И вдруг это кончилось. Вот сейчас, этой ночью. Именно этой. От такого явного совпадения – стоило ей подумать о том, чтобы изменить свою жизнь, и вот эта перемена уже и началась, сразу, – от этого Глаше даже не по себе стало.
Ей не хотелось, чтобы Лазарь это почувствовал, и она поскорее обняла его. Это получилось у нее как-то слишком торопливо, но вряд ли он мог уже ее торопливость заметить.
Глаша считала себя слишком маленькой и слишком тусклой спичкой
И так же было на этот раз.
Он не был изобретателен в близости – ему это было не нужно, во всяком случае, с ней, да и ей это было не нужно тоже. Сверху, снизу, сбоку – не все ли равно? В их отношениях, в том числе и физических, не было ничего абстрактного, умозрительного. При всем их немалом общем опыте они не знали, как надо, как должно быть, и не стремились узнать; во всяком случае, Глаша не стремилась. Ей было с ним хорошо, потому что она его любила.

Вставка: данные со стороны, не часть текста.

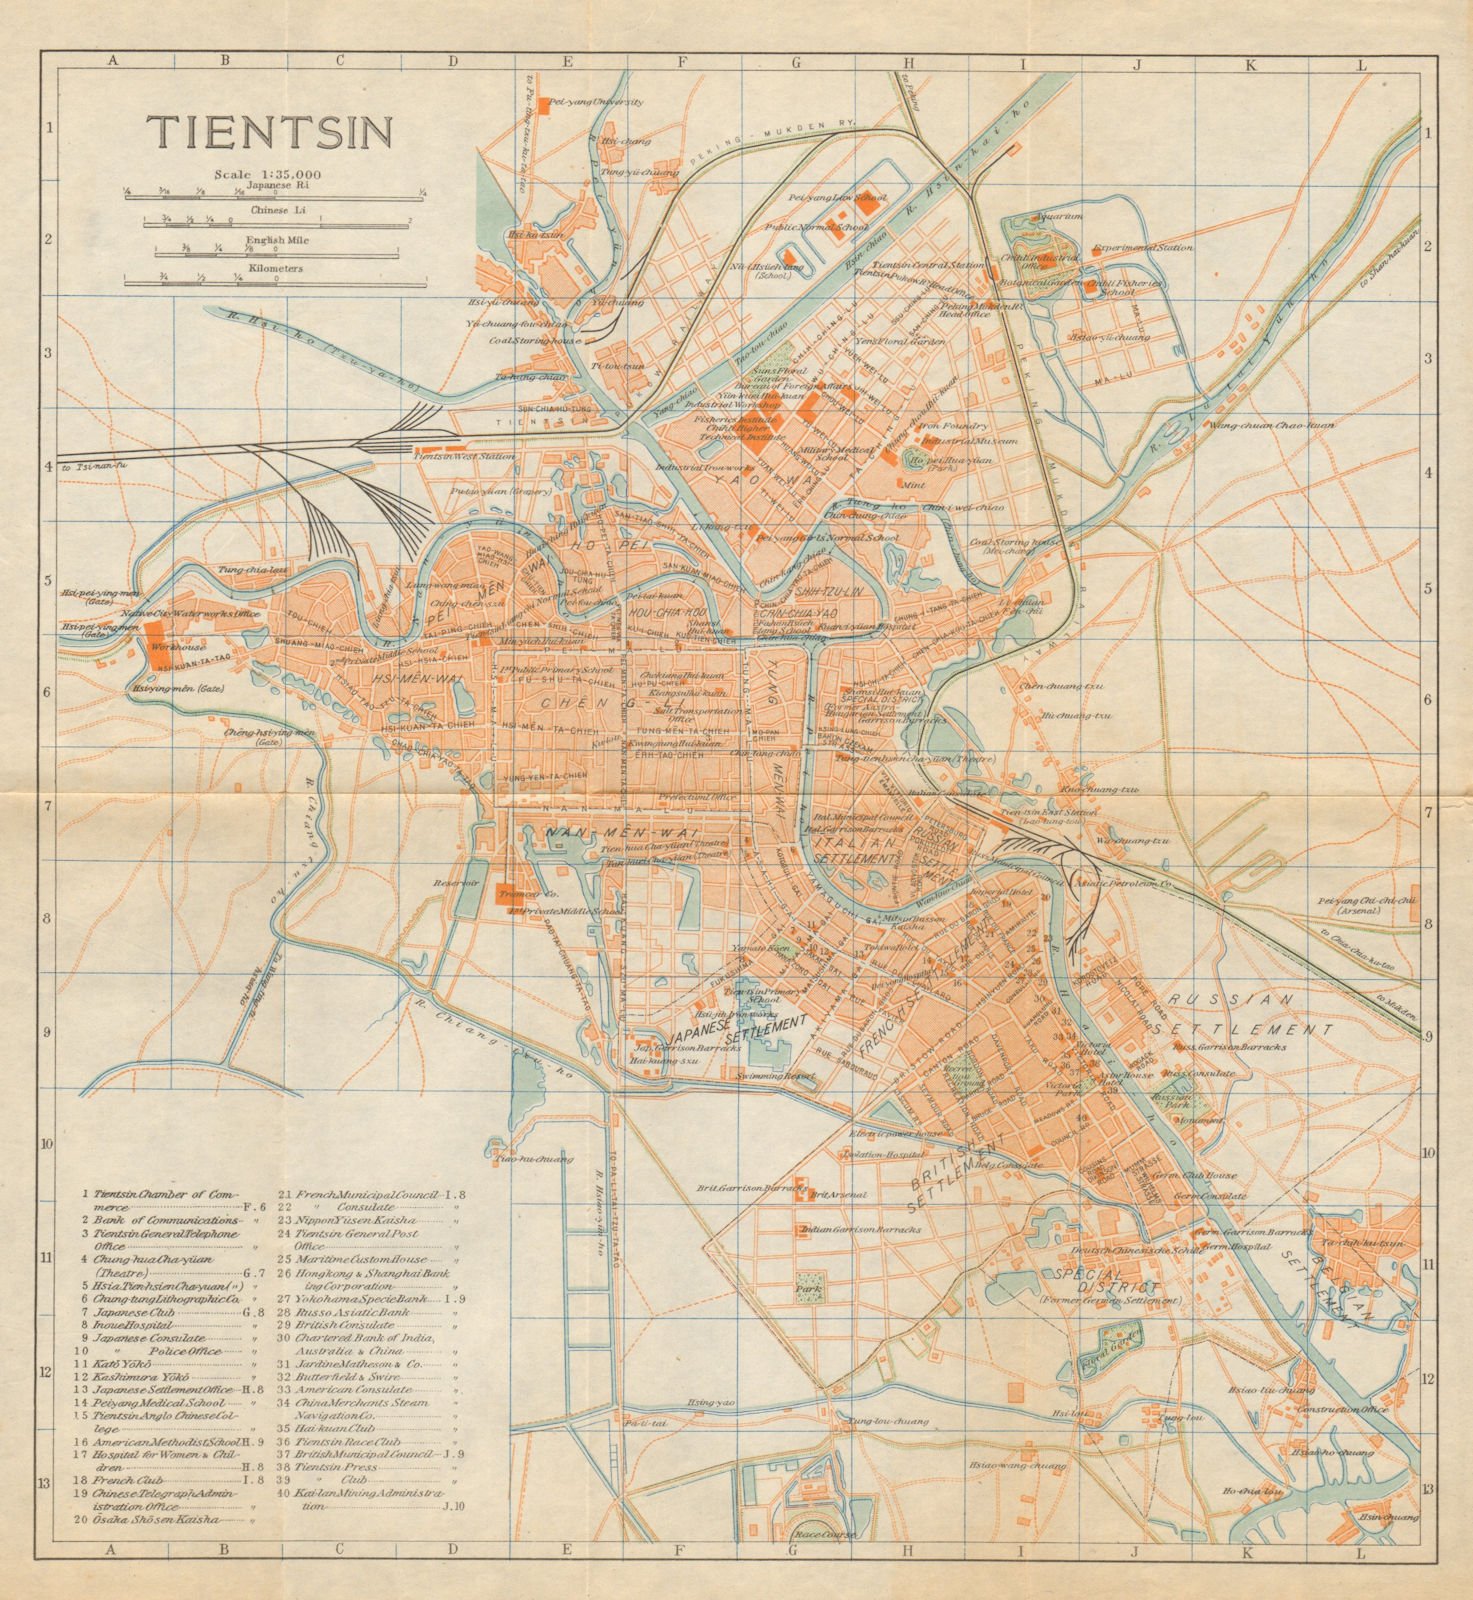 'Tientsin'. Tianjin antique town city plan. China 1924 old map chart

И вот сегодня все было как всегда, и он был точно такой, как всегда, и точно так же кровать ходила ходуном под его тяжелым телом, и точно так же Глаша не ощущала его тяжести, потому что в страсти своей он был осторожен с нею, – ничего не изменилось против обычного. Но при всей этой неизменности желание ее не то что не было удовлетворено – оно даже не забрезжило у нее внутри и, значит…

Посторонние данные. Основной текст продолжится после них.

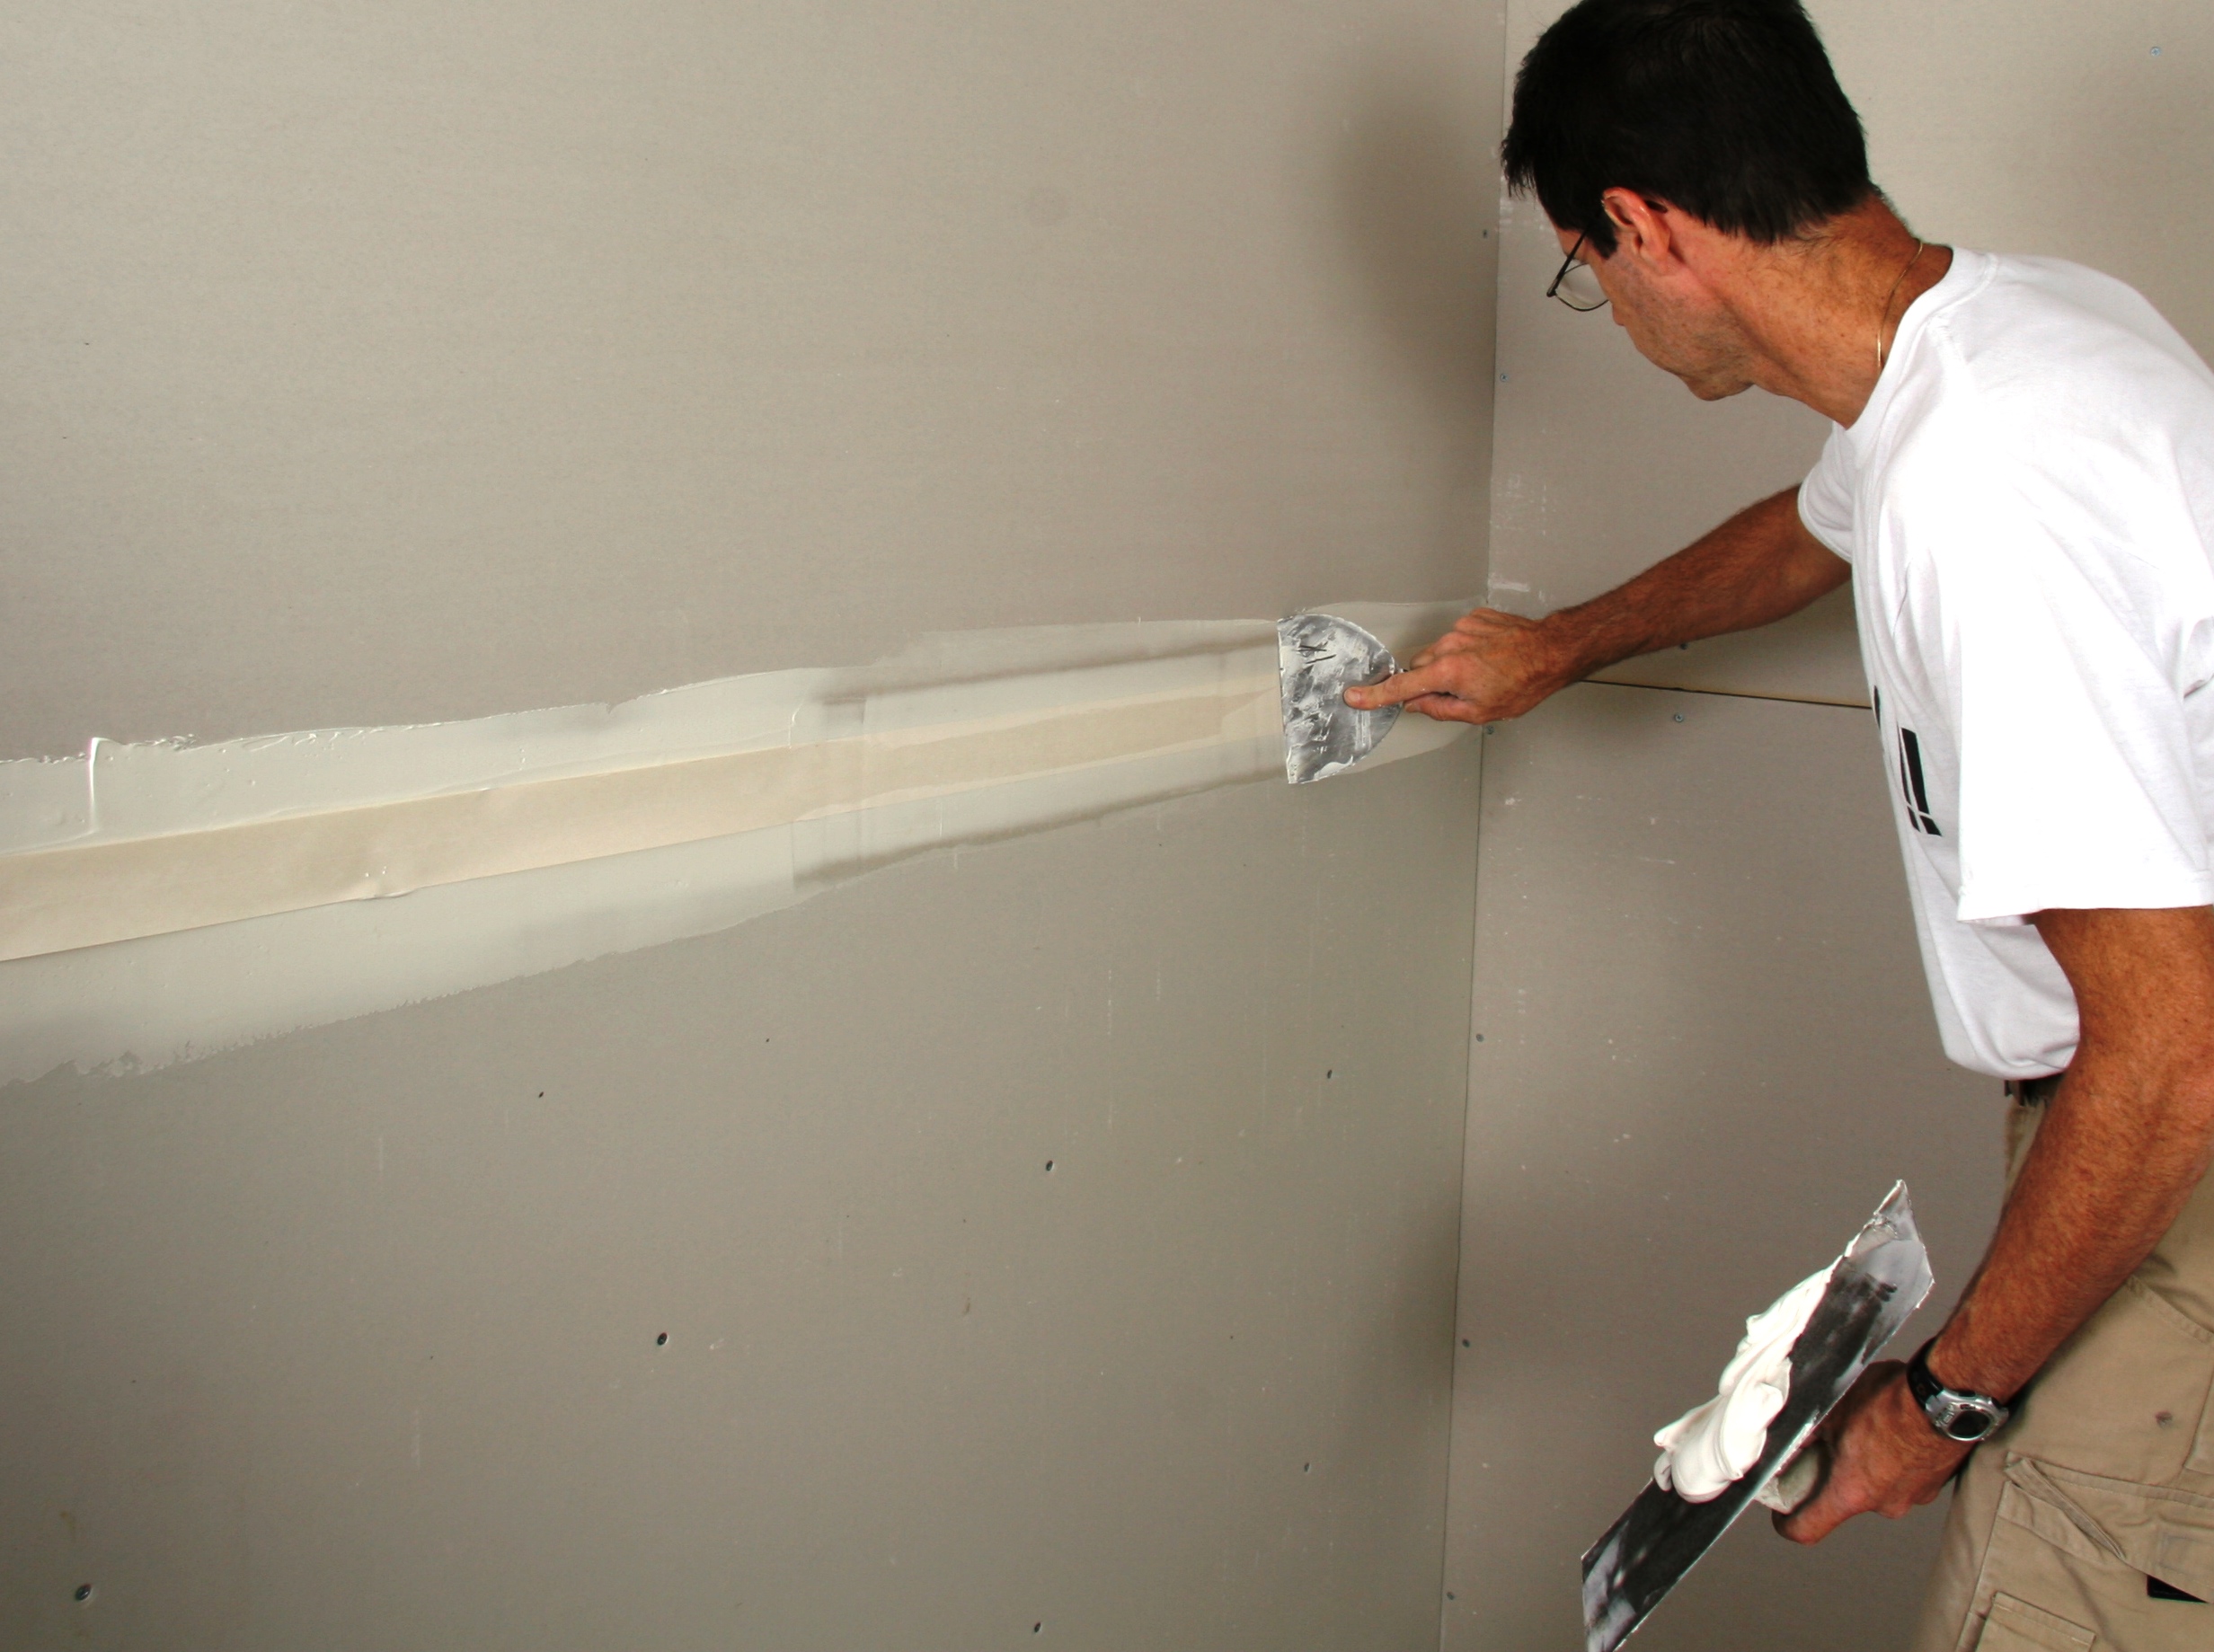 Where can I get a list of drywall taping companies in Chicago? – Telegraph

О том, что же это значит, думать она не хотела.
Она просто обнимала его ногами, руками, прижималась снизу к его груди и ждала, когда все закончится. По счастью, ей никогда не приходилось слышать от него какие-нибудь идиотские вопросы – «уже можно?» или «ты успеваешь?», – направленные якобы на то, чтобы совместить эти самые вершины и пики, а на самом деле лишающие близость смысла, потому что какой же смысл, если это нужно спрашивать и разъяснять? О том, что подобные вопросы задаются мужчинами, Глаша вообще узнала стороной, из какой-то газетной статьи, а Лазарю с той самой секунды, когда он ее обнимал, становилось не до вопросов, как и ей самой.
Всегда это было так. Но сегодня – иначе. Глаша ждала, когда все закончится.
Он вздрогнул, замер – и забился, застонал. Они долго не виделись, он не мог – или не захотел? – себя удерживать, поэтому все произошло быстро.
Потом он лег на спину, притянул Глашу к себе, чуть сжал ее плечо, но поспешно отпустил: наверное, вспомнил, как сжал его вот так вот однажды, а у нее на плече потом синяки проступили. Он тогда так расстроился, будто это не синяки были, а резаные раны.
Глаша поняла, что он это вспомнил, и потерлась щекой о его плечо. Она не хотела, чтобы он догадался о перемене, которая произошла с ней этой ночью. Может, это было с ее стороны малодушием, но – не хотела.
– Глаша, – сказал он, помолчав, – если ты захочешь от меня уйти, не смогу ведь я тебя удержать.
– Не сможешь? – растерянно переспросила она.
– Не стану.
Они молчали. Лазарь сел, потянулся к своему пиджаку, достал из кармана сигареты. Он по-прежнему курил «Житан» – как тогда, в поезде.
Глаша не курила в спальне, но дым от его сигареты ей не мешал, он это знал и всегда курил в ее постели.
Щелкнула зажигалка, задышал у его губ сигаретный огонек.
– Зачем ты мне это говоришь? – чуть слышно произнесла Глаша.